Contents

Discussion

Speed-Up

We have been able to show meaningful speed up by converting a serial code to a parallel MPI version, using a pencil decomposition in the horizontal direction. We are also able to show, in addition to MPI in the horizontal direction, that by parallelizing the vertical domain using OpenMP even better performance can be achieved. However, the speed-up (as is typically the case) depends on the problem size, number of nodes and number of processors used.

We illustrate that using 8 nodes (and the optimal number of processors per node), we achieve approximately 7x speed up when using MPI solely and approximately 10x speed up when combining MPI with OpenMP. If this relationship holds across all the nodes then we would achieve N times speed up for the number of nodes (N) and optimal number of processors (n). Having said that, it should be noted that the speed-up is limited given the different discretizations in x and y directions. We expect to see more speed-up if the y-domain is discretized as Fourier transforms instead of a finite difference stencil as this would allow us to use FFTW with MPI in both dimensions.

Challenges

The main challenges we faced developing a working and accurate version of the serial code in parallel are outlined below:

  1. Developing an understanding of the various data types and initialization required by the FFTW MPI library
  2. Handling the local domain assignments correctly to ensure each processor had the right part of the domain (e.g. Kx modes in Fourier space) which involved line-by-line analysis of the entire code
  3. Working within a complex code base of thousands of lines of Fortran code and developing an adequate understanding of the underlying mathematics to inform the application design
  4. Validating the correctness of parallel output and performing painstaking debugging to identify the root cause for discrepancies between the two versions initially
  5. Securing the necessary compute resource on Odyssey was a challenge (it was very difficult to get allocated 8 entire nodes, i.e. 32 processors per node, for example)

Conclusions & Next Steps

We successfully implemented and validated a parallel version of Sondak et al’s Rayleigh–Bénard Convection solver using both MPI only and MPI/OpenMP across single and multiple nodes and varying number of processors.

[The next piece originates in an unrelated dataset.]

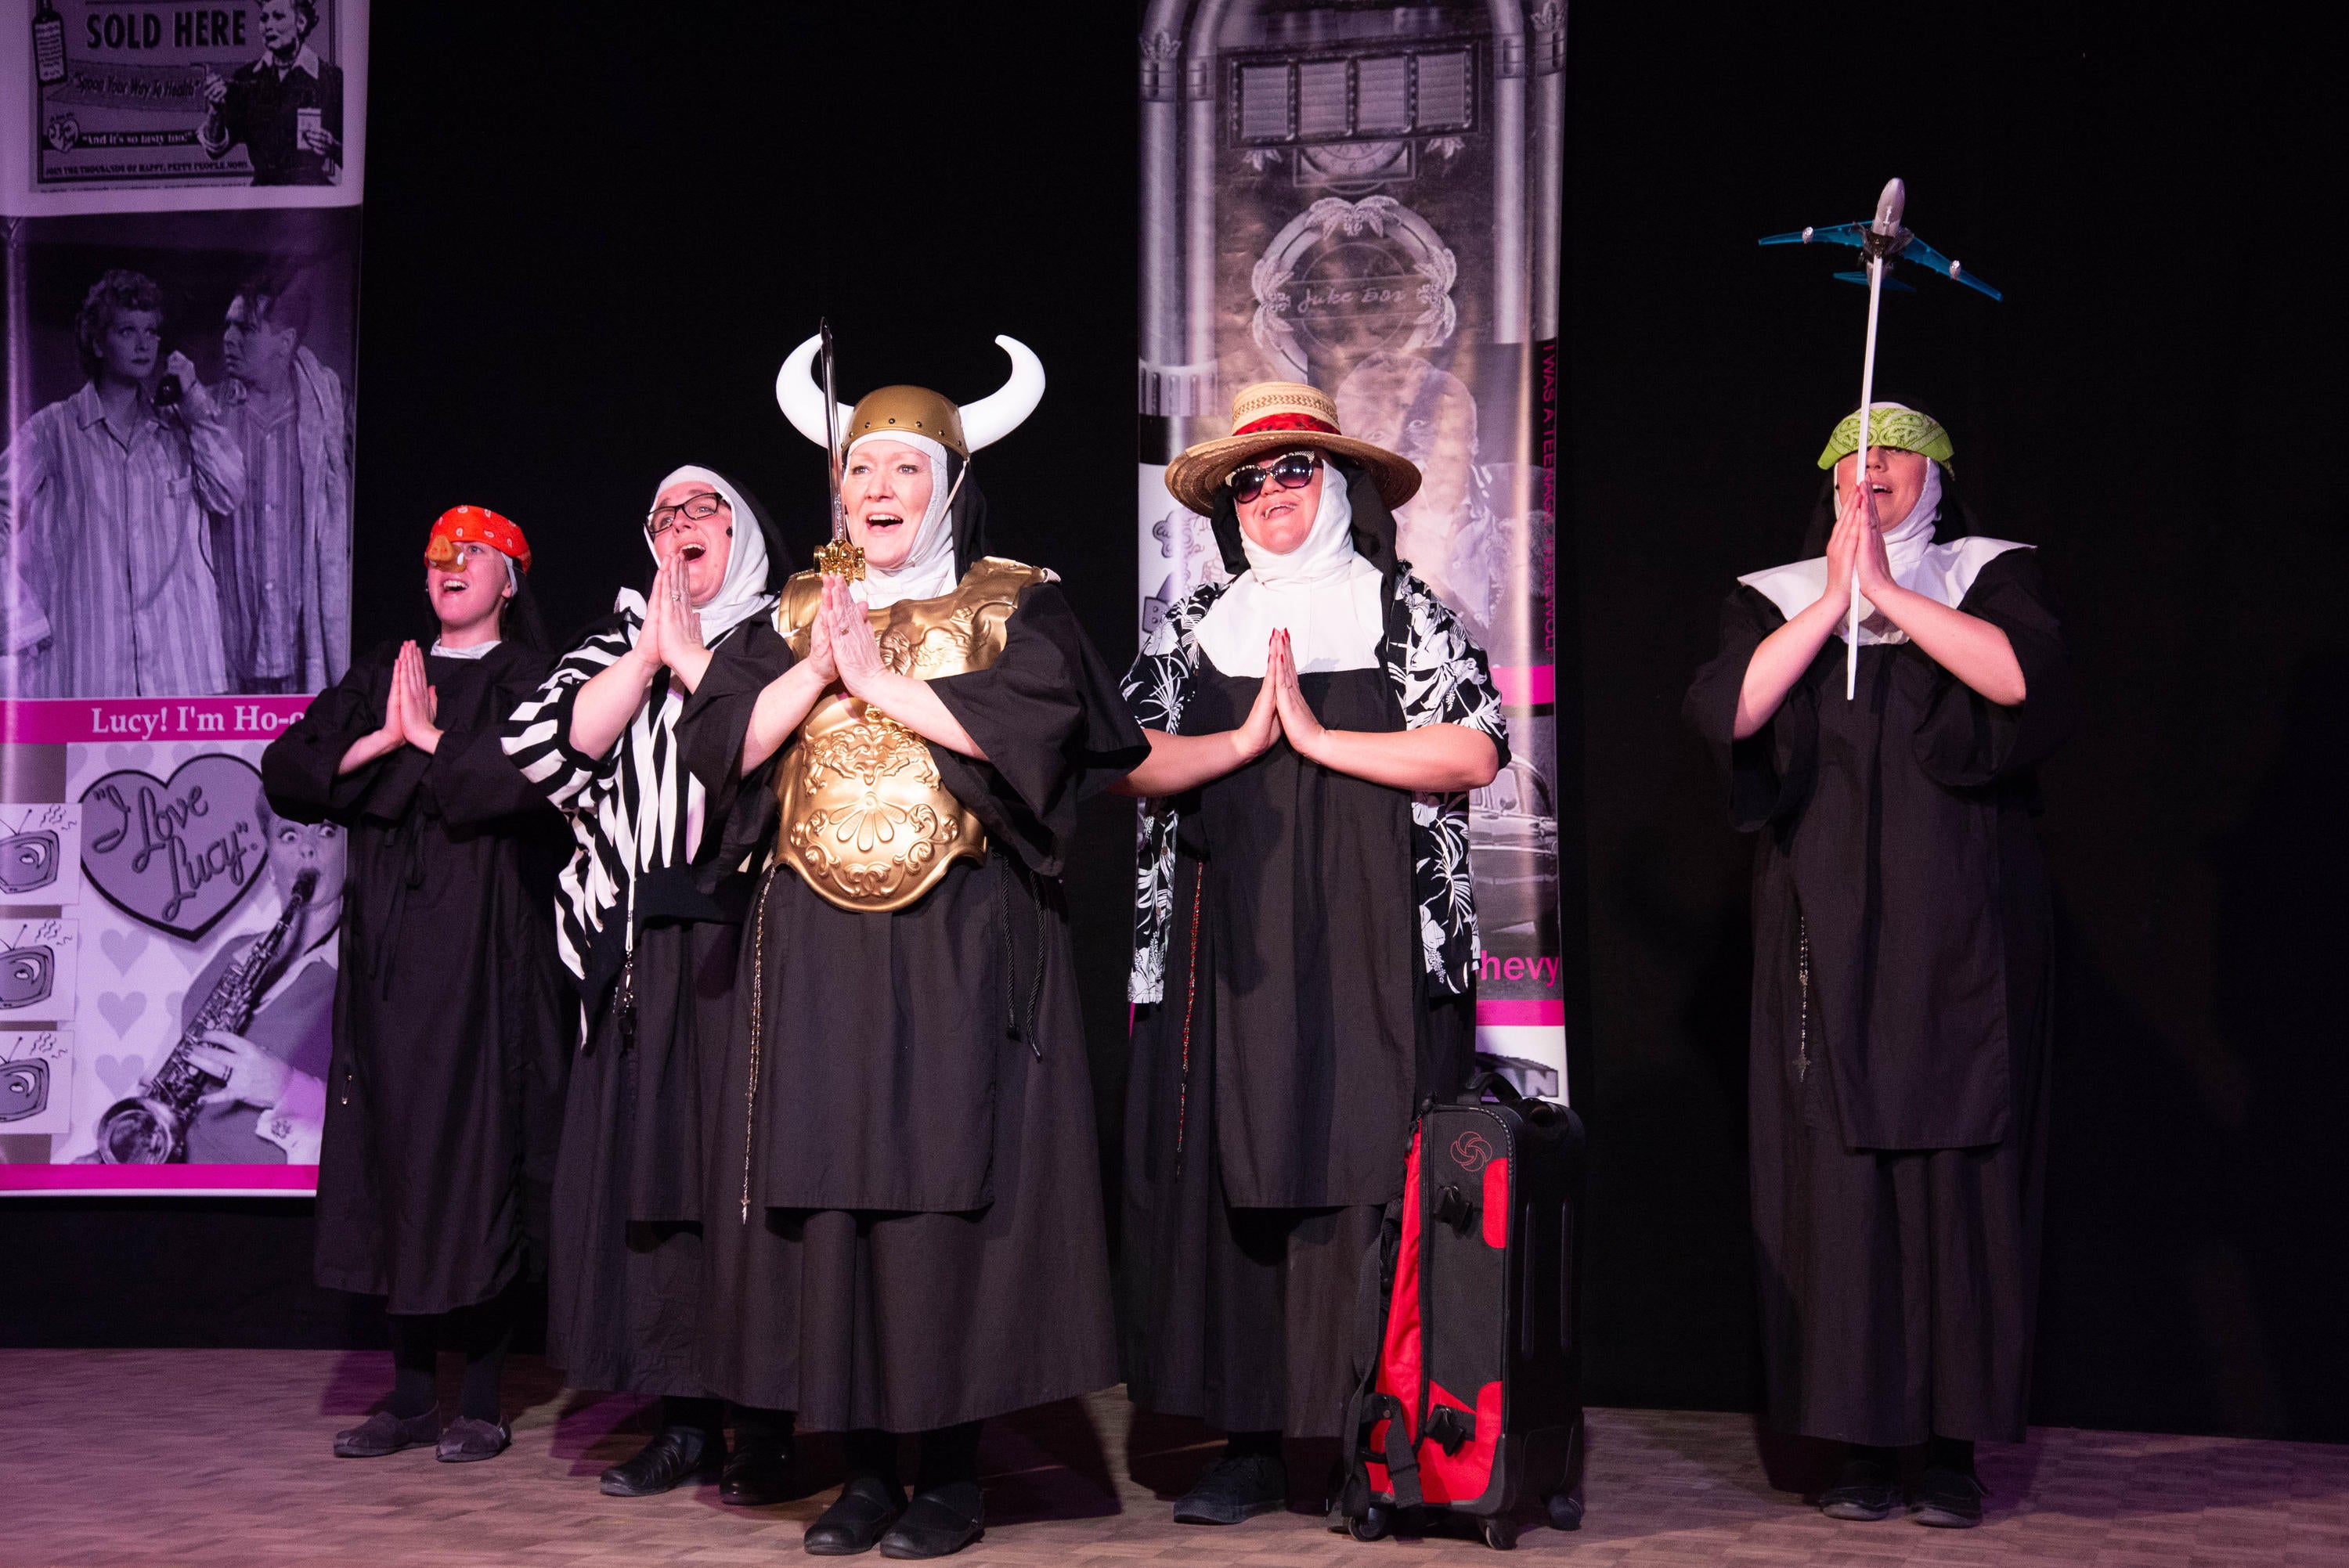 A group of actresses dressed as nuns sing on stage with props like viking horns, a model airplane, and traveling gear.
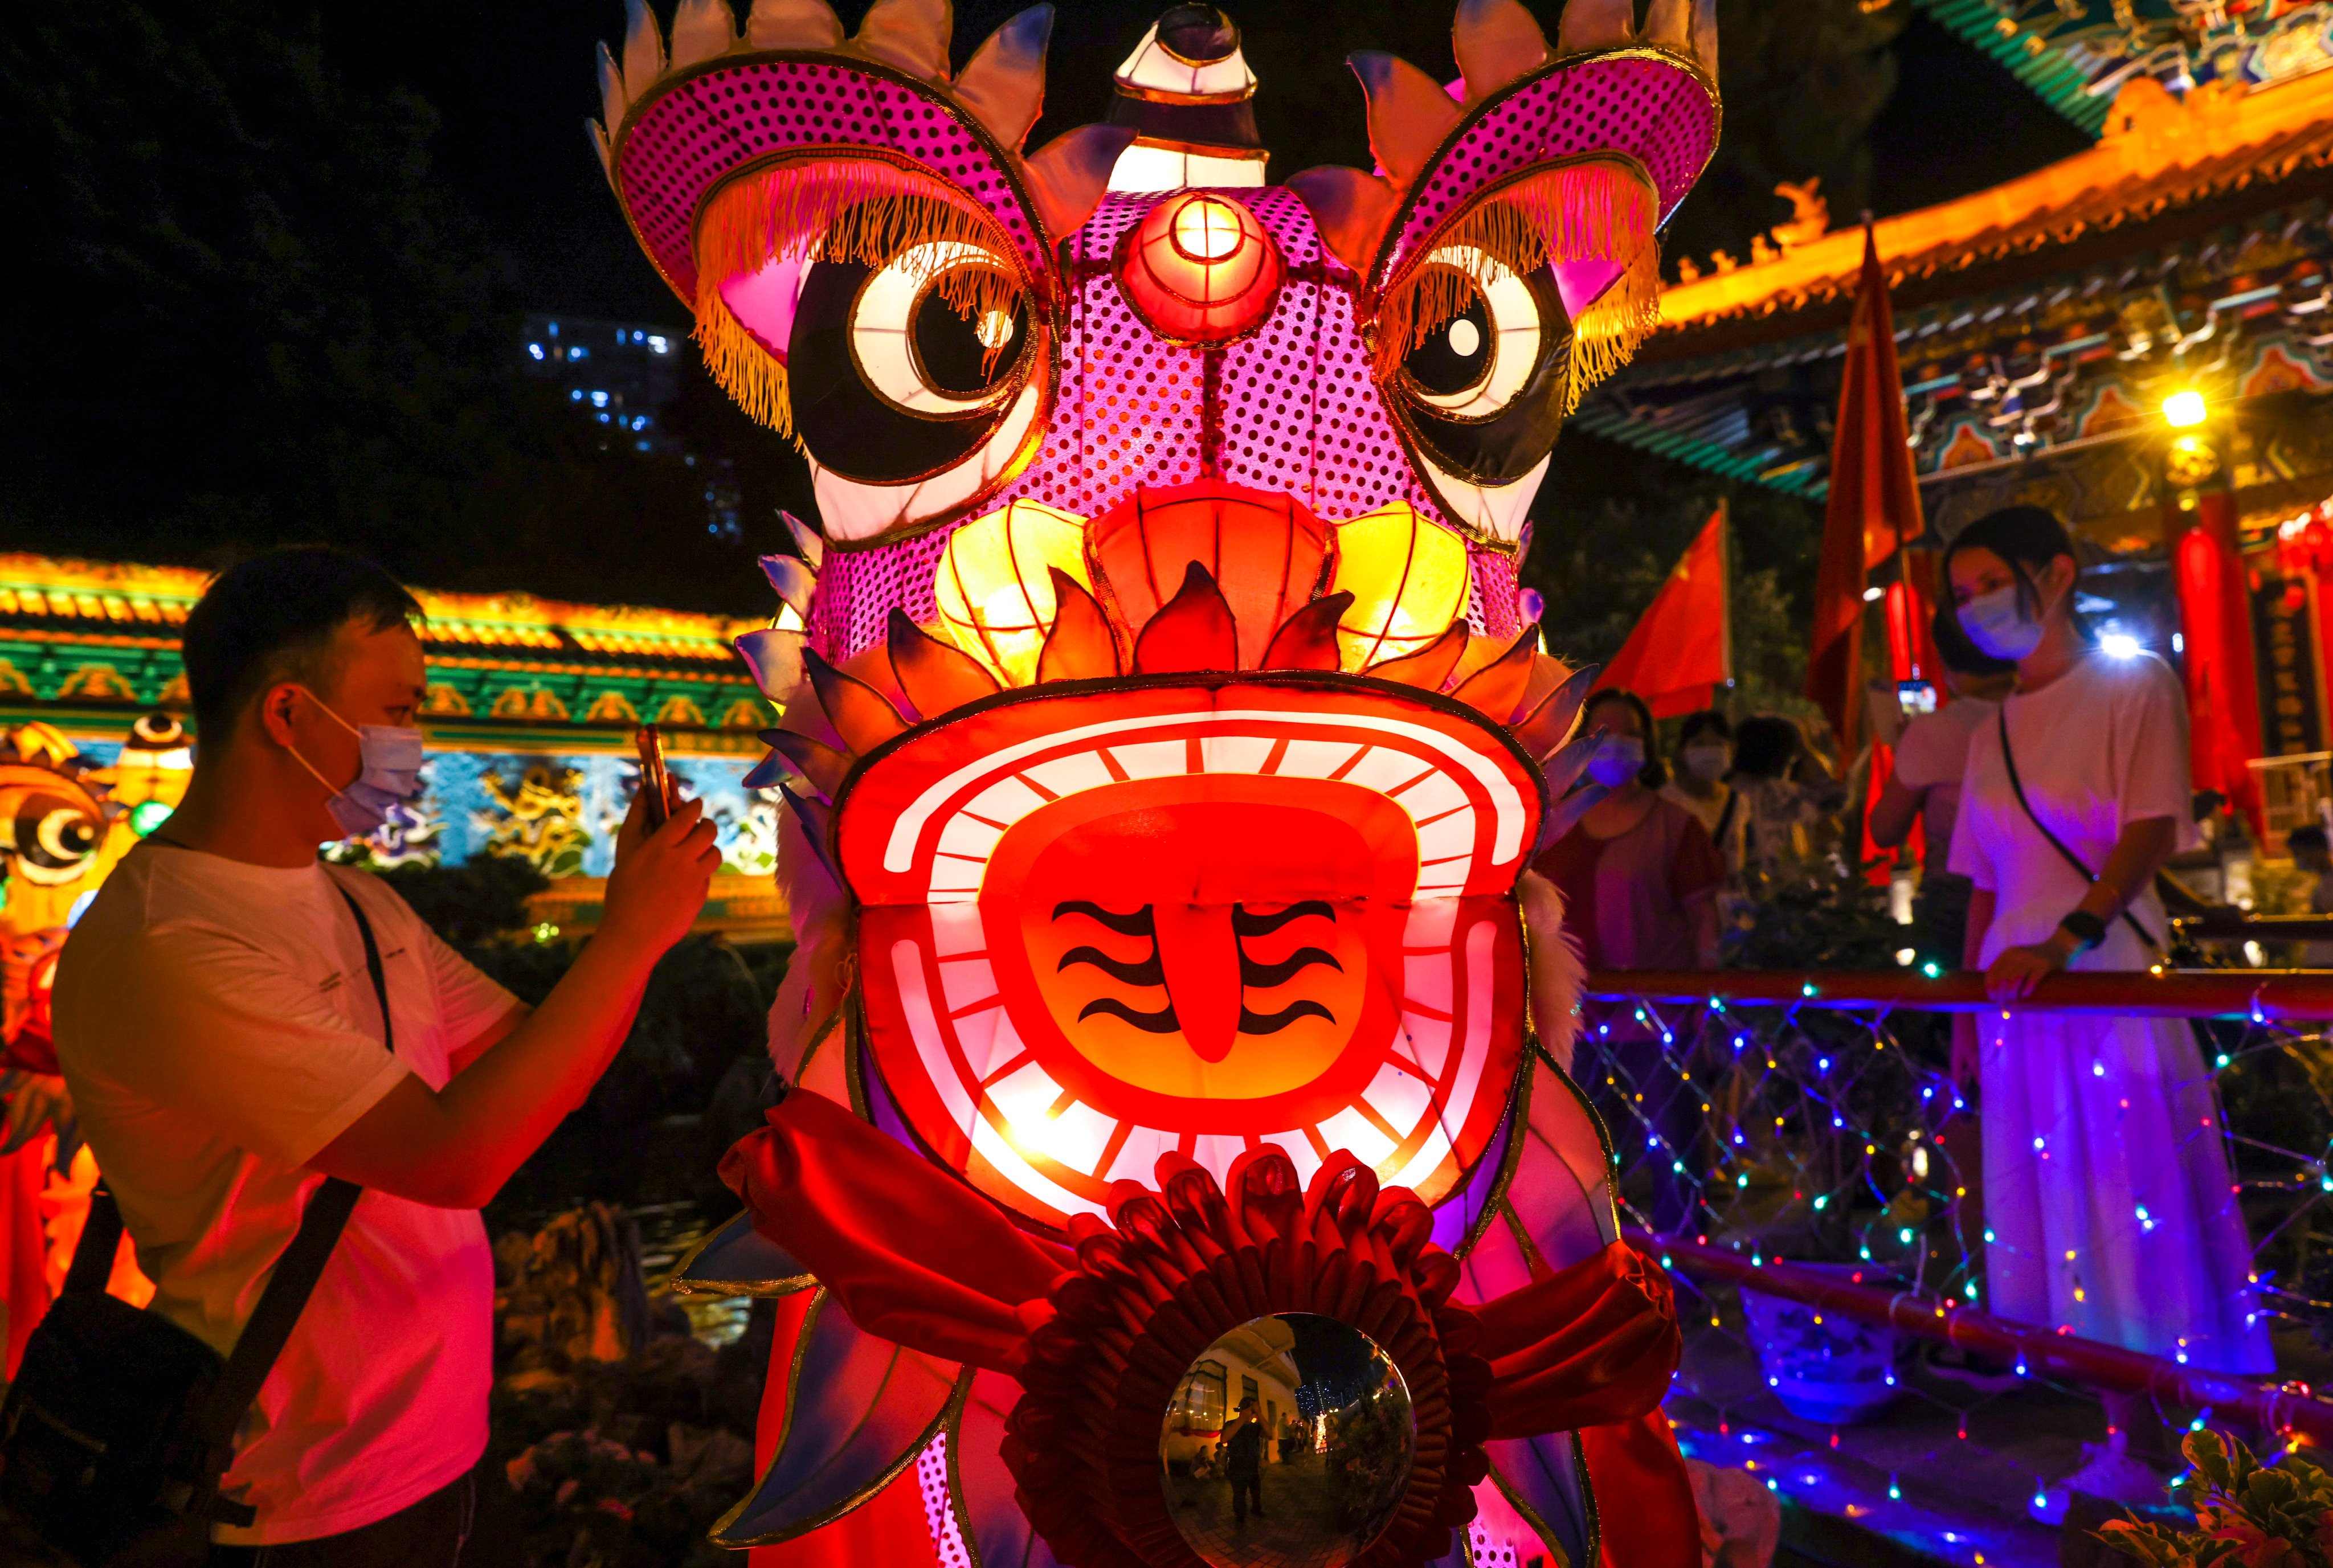 The lantern festival held at Sik Sik Yuen Wong Tai Sin Temple in 2021. Photo: Dickson Lee

Using 8 nodes, Nx=65,536, Ra=5000 and 32 processors we are able to achieve a speed-up of c. 7x using MPI only and c. 10x using MPi/OpenMP compared to the serial version with the same parameters. We also illustrate that optimal performance significantly depends on number of nodes and number of processors used as well as the size of the domain. Larger domains tend to have a larger number of optimal processors after which communication overhead becomes too large.

The analysis forms a strong foundation to extend the problem into 3-D as long as discretizations across all the dimensions are the same (e.g., finite differences or FFT’s throughout). As such, the analysis could lend itself to interesting research and further work in this context.

Acknowledgements

We would like to sincerely thank David Sondak for providing us with a working serial version of the code as well as for his support and encouragement throughout the design and implementation process. We would also like to extend our thanks to Ignacio Llorente for his support during lab sessions. Finally, we would like to thank the FAS Research Computing members for helping us navigate SLURM jobs on Odyssey.